Welcome to our dedicated page for Delta Air Lines Del SEC filings (Ticker: DAL), a comprehensive resource for investors and traders seeking official regulatory documents including 10-K annual reports, 10-Q quarterly earnings, 8-K material events, and insider trading forms.
Jet-fuel volatility, multibillion-dollar aircraft orders, and the accounting behind SkyMiles rewards make Delta Air Lines’ (DAL) SEC disclosures uniquely complex. Sifting through a 300-page annual report or piecing together Form 4 insider buying before a route expansion can drain hours.
Stock Titan solves that problem. Our AI distills every Delta Air Lines annual report 10-K simplified, highlights pension obligations, and flags changes in load-factor assumptions inside each Delta Air Lines quarterly earnings report 10-Q filing. Real-time alerts surface Delta Air Lines Form 4 insider transactions so you can see executive stock moves the moment they hit EDGAR. If a sudden labor agreement or fuel-hedge adjustment triggers an 8-K, our platform explains the impact in plain language—Delta Air Lines 8-K material events explained.
Use cases professionals rely on daily:
- Monitor fleet-purchase commitments without combing through footnotes
- Track Delta Air Lines insider trading Form 4 transactions alongside market prices
- Compare quarter-over-quarter passenger revenue with AI-generated charts
- Review Delta Air Lines proxy statement executive compensation ahead of voting
Every document—10-K, 10-Q, 8-K, DEF 14A, S-3, or Form 4—is indexed, searchable, and enriched with AI-powered summaries that explain filing meanings in simple terms. Whether you type “understanding Delta Air Lines SEC documents with AI” or “Delta Air Lines earnings report filing analysis,” you’ll land on the same comprehensive, investor-ready view.
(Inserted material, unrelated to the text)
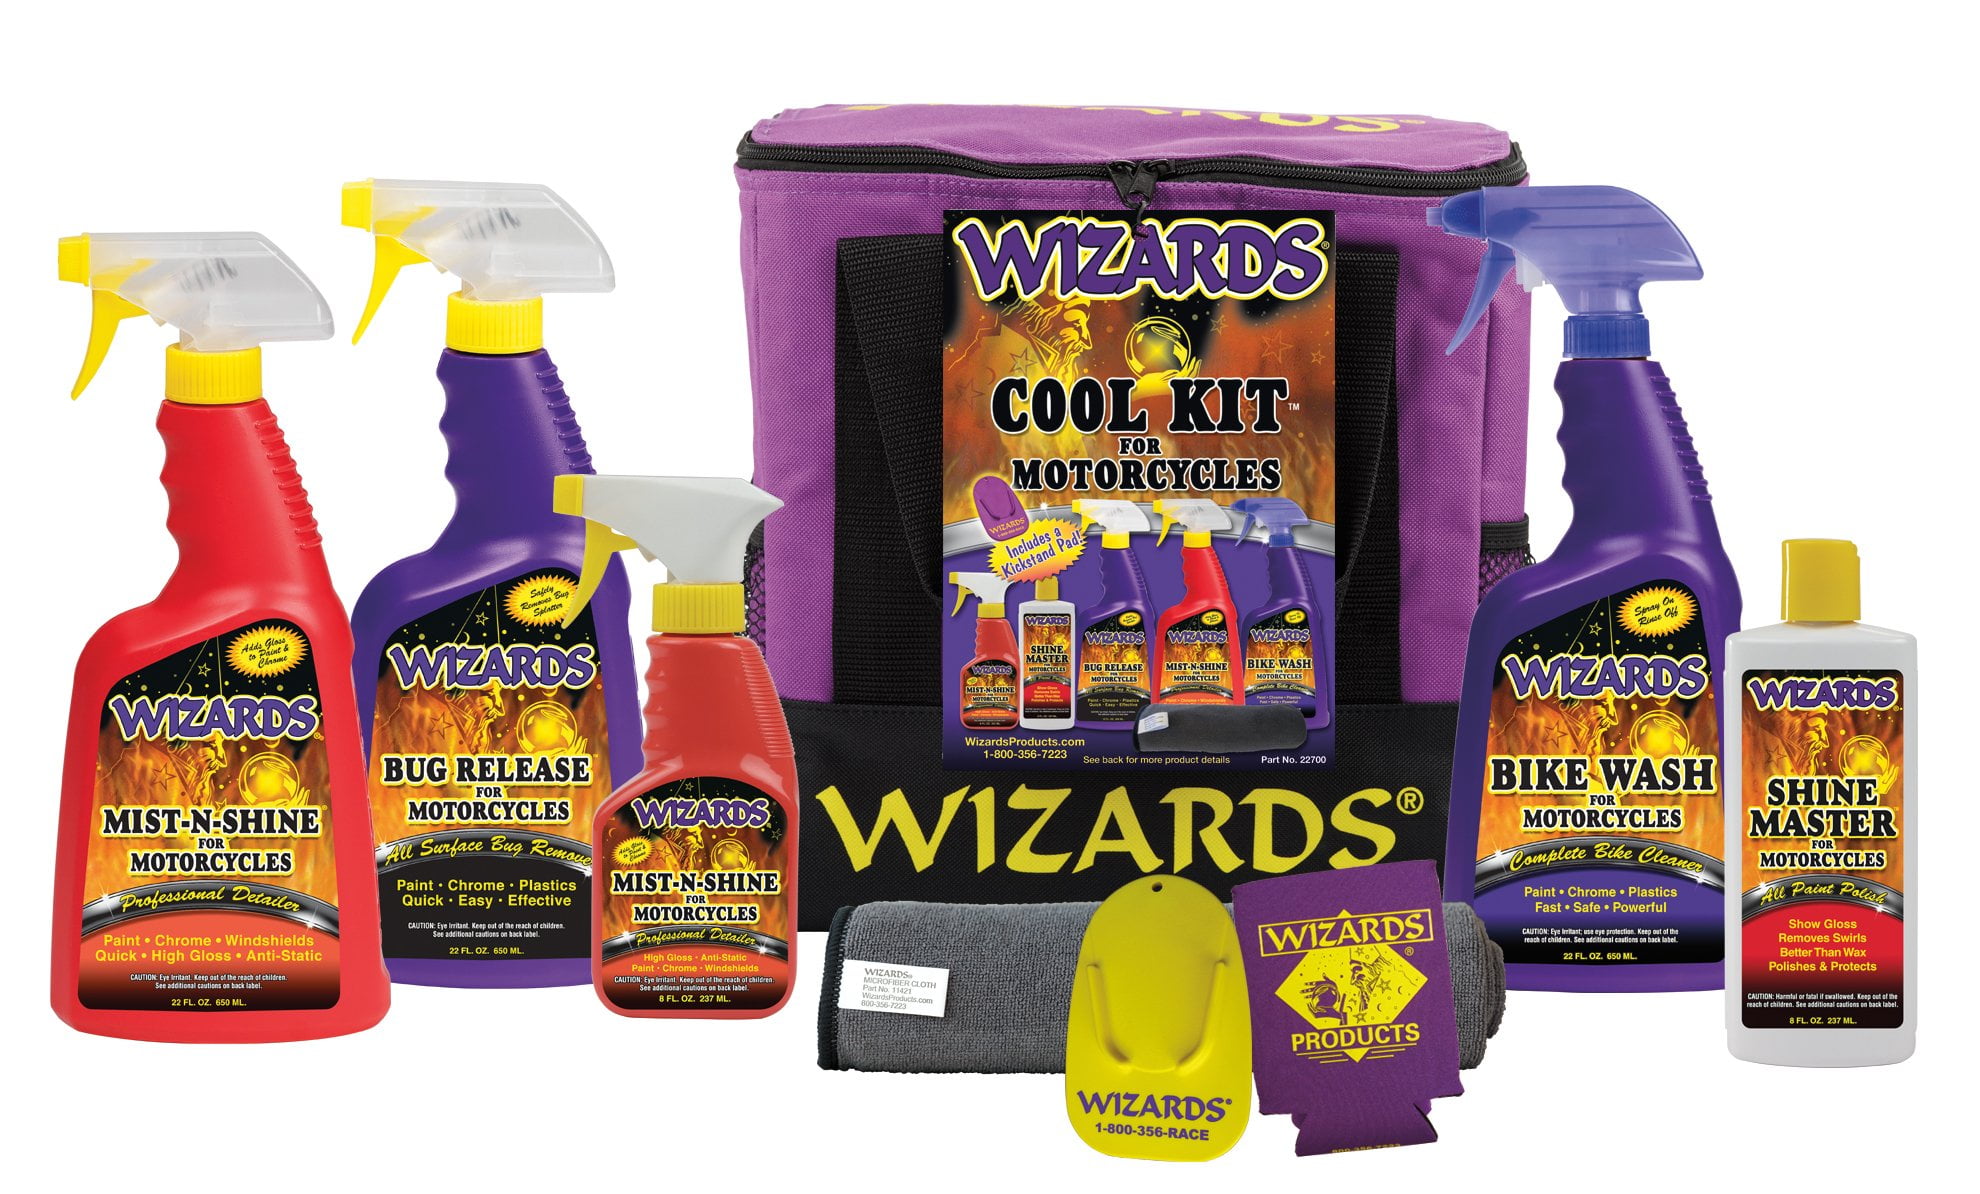 Wizards Motorcycle Cleaner Kits - 8 Piece Motorcycle Cool Kit

Save time, surface insights, and stay ahead with Delta Air Lines SEC filings explained simply by Stock Titan.
Form 4 filing overview – Delta Air Lines, Inc. (DAL)
Non-executive board chair David S. Taylor reported the annual equity grant approved by Delta’s board on 19 June 2025 and deemed granted on the next trading day, 20 June 2025, in accordance with the company’s Equity Award Grant Policy. The award consists of 6,780 shares of Delta common stock, designated as a restricted stock award exempt under Rule 16b-3(d)(1). The filing shows the shares were acquired (Transaction code “A”) and directly increase the director’s personal holdings.
Post-transaction holdings
- Direct ownership: 23,240 shares following the award.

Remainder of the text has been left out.